Electronic Design

Anatomy Of A Conference Program

Putting together a technical program like DAC is a massive task, involving many heads and hands. However, making a program useful and interesting to conference attendees requires actually listening to them when they tell you what they want to learn about. For this year’s 45th DAC, General Chair Limor Fix hopes that such an effort will pay off.

“To address what attendees told us they wanted, all of the chairs for the panels, tutorials, and the technical program were asked to give more room and focus to tutorial content. We wanted content that is useful to designers immediately, not in five years,” says Fix.

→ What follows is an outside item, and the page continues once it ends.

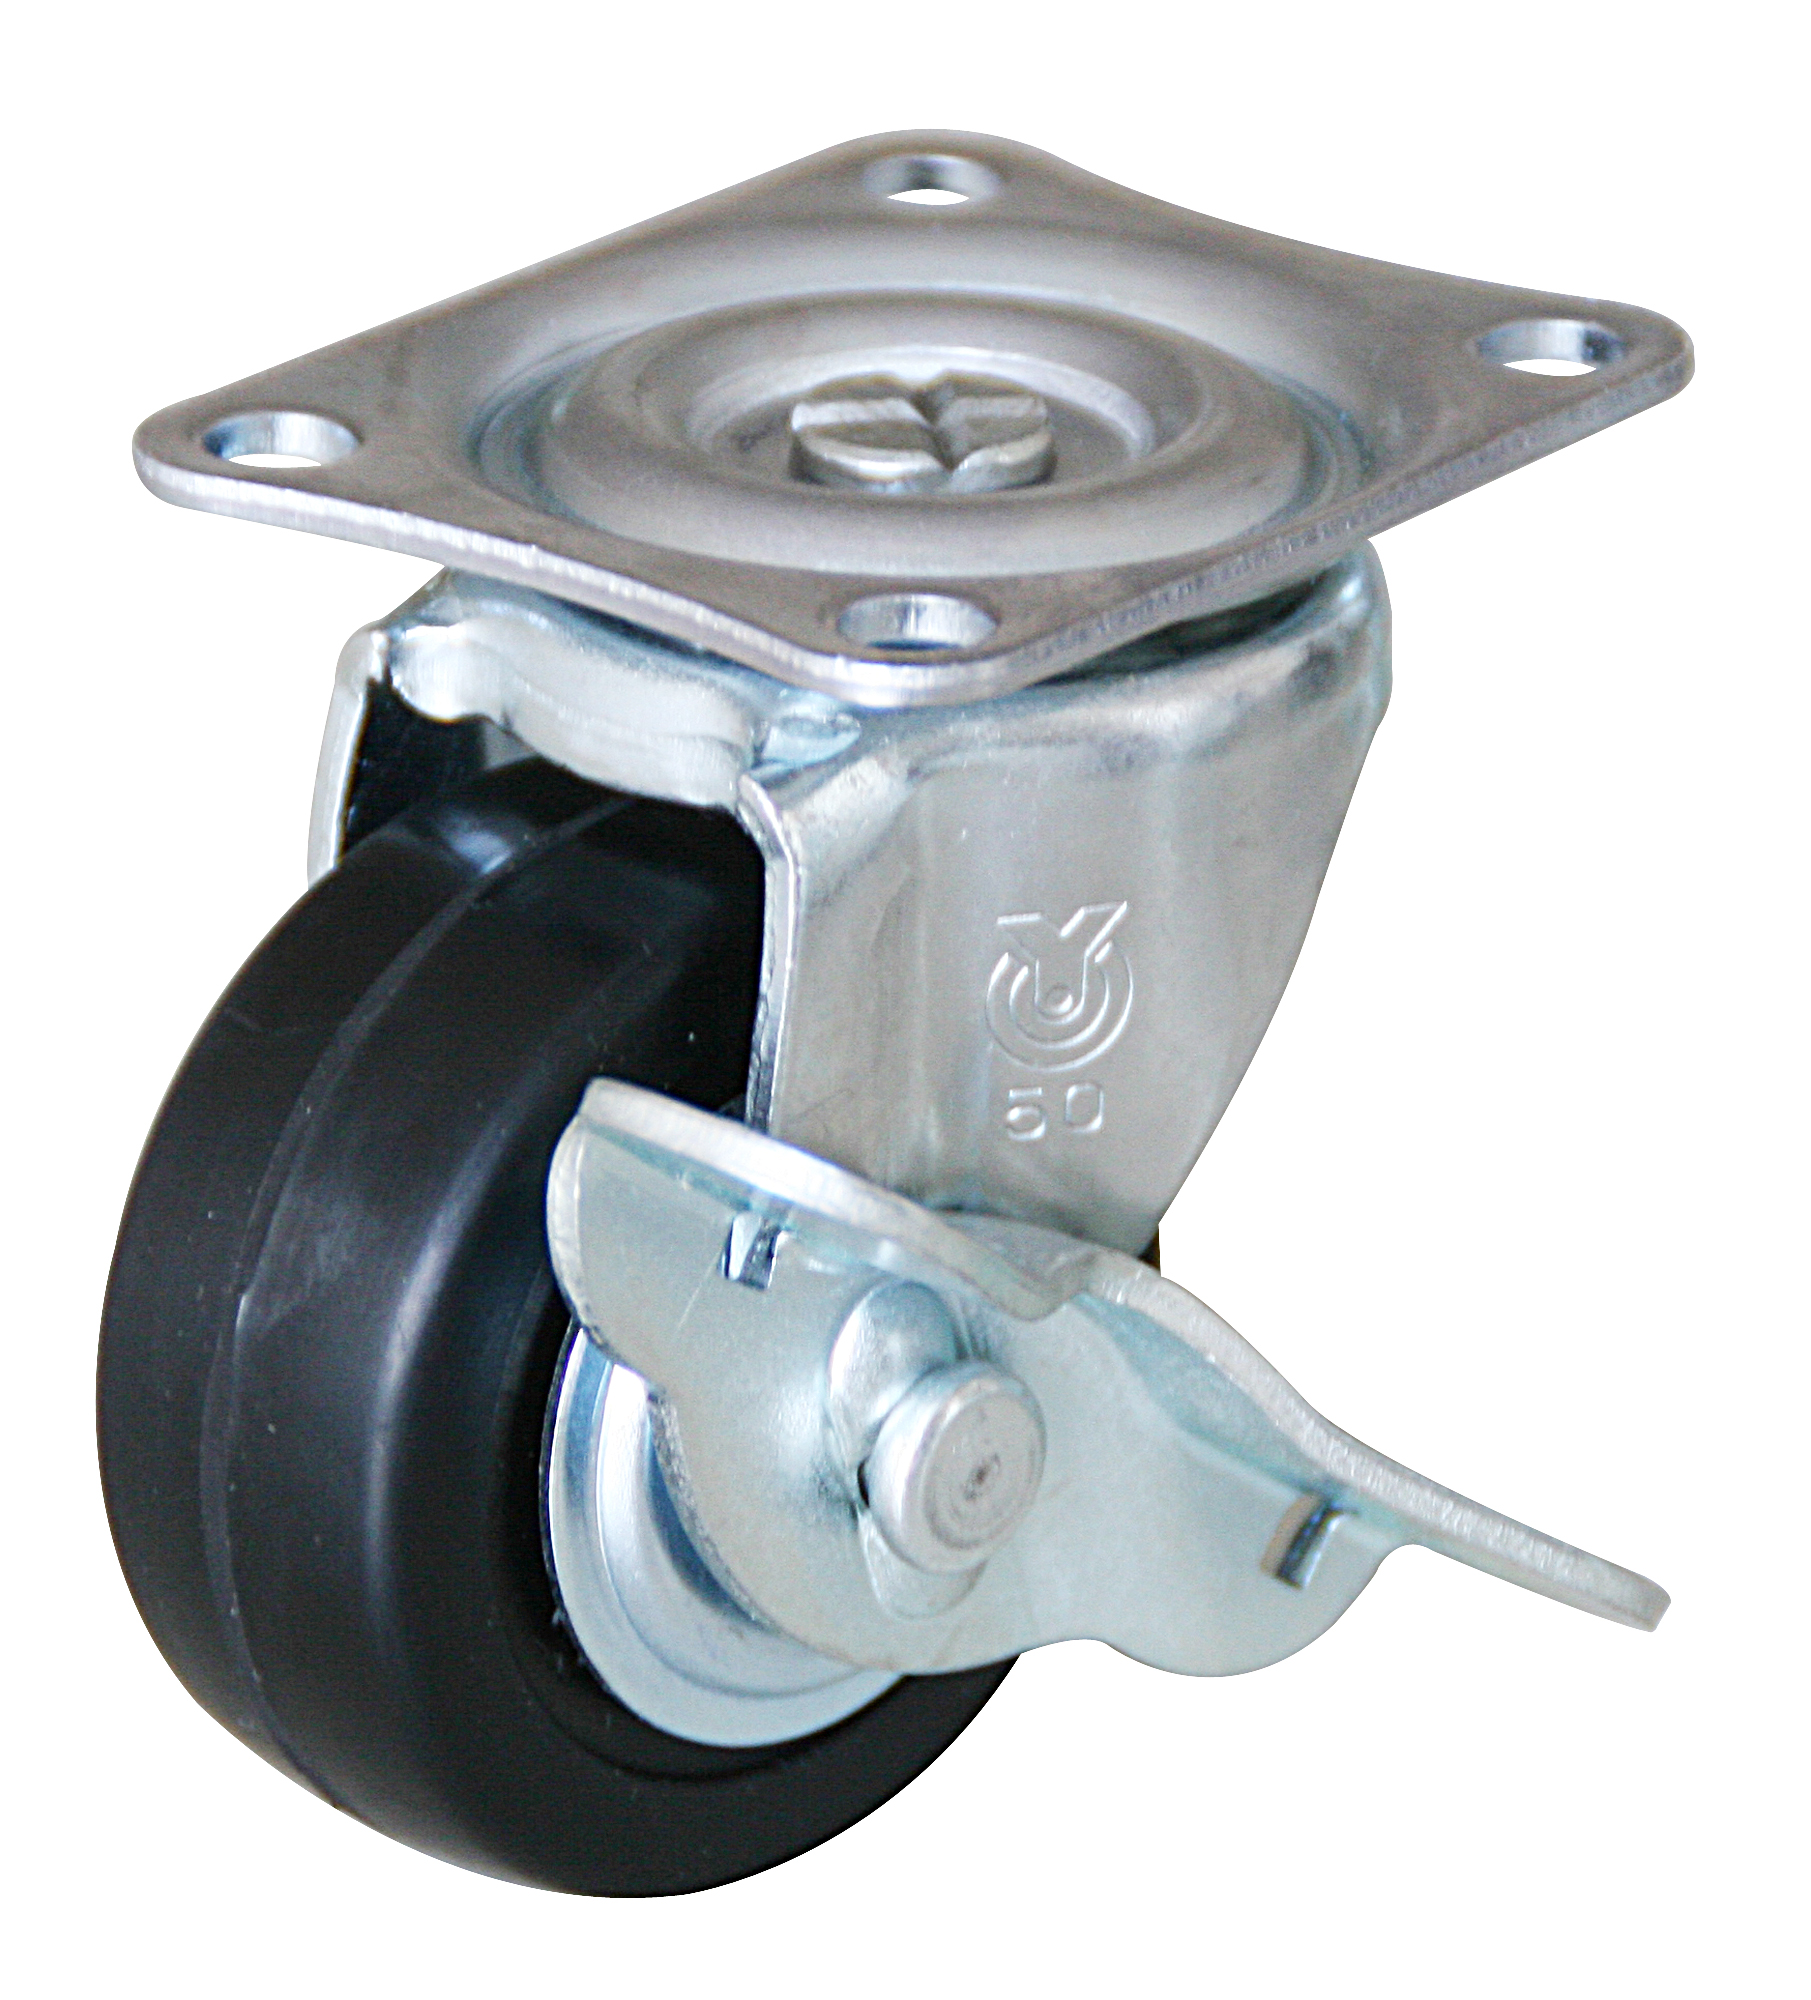 Casters - With swivel plate, G-S series.

In formulating the conference lineup, Fix was determined to address the realities of the design community today. “There are new subcommunities, new topics, that people go to specialized conferences to learn about,” says Fix. “They may or may not come to DAC for that knowledge. Which ones are they going to? To bring back to DAC those fractured subcommunities seeking specialized content, DAC has opened the gates to co-located events and to workshops.”

Speaking of workshops, last year’s DAC had six. This year’s edition will have at least twice that number, reflecting a dedication to hands-on, present-oriented content.

Communication with DAC’s audience has also been an area of emphasis. “We learned from our surveys that we should communicate in a way that’s easier and friendlier. So we made a special effort with the DACeZine newsletter (www.dac.com/45th/enewsletters.html). We didn’t just change the name, but we changed the content, contributors, and format. It’s really trying to reach everyone and to encourage design experts and managers to voice their opinions,” says Fix.

Another interesting communication initiative involves use of YouTube. “If an author’s paper was accepted, they can create a brief promotional video for their presentation. We’ll upload those videos to bring some new flavor to promotion of the conference,” says Fix.

DAC has also reconsidered the exhibit floor. “We want to bring back to the show floor the buzz and the fun that seems to have decreased in the last few years,” says Fix. With some 250 exhibitors expected to be lined up by showtime, the committee expanded the popular “Free Monday” concept, in which admission to the exhibit floor was free on Mondays, to the entire week.

A bigger change is to have exhibitor forums on the floor. “This would be a place for people to discuss, in more detail, announcements of new products,” says Fix. “We know that people choose not to announce new products during DAC, preferring to do so a few weeks ahead. The exhibitor forums will give attendees a way to get more details about these new products. So the Exhibitor Forum will have presentations clustered by topics.” The exhibitor forum is in addition to the popular DAC Pavilion on the show floor, where there will be 20 panel discussions this year compared to last year’s 18.

Also new is the Best of DAC awards, intended to motivate exhibitors to bring more to the show. There will be first-, second-, and third-place winners in categories such as Best Overall New Product, Best Demonstration, Most Interesting First-Time Exhibitor, Best Booth, and, most importantly for DAC, Best Booth Giveaway. Winners will be chosen based on attendee voting from electronic kiosks on the show floor.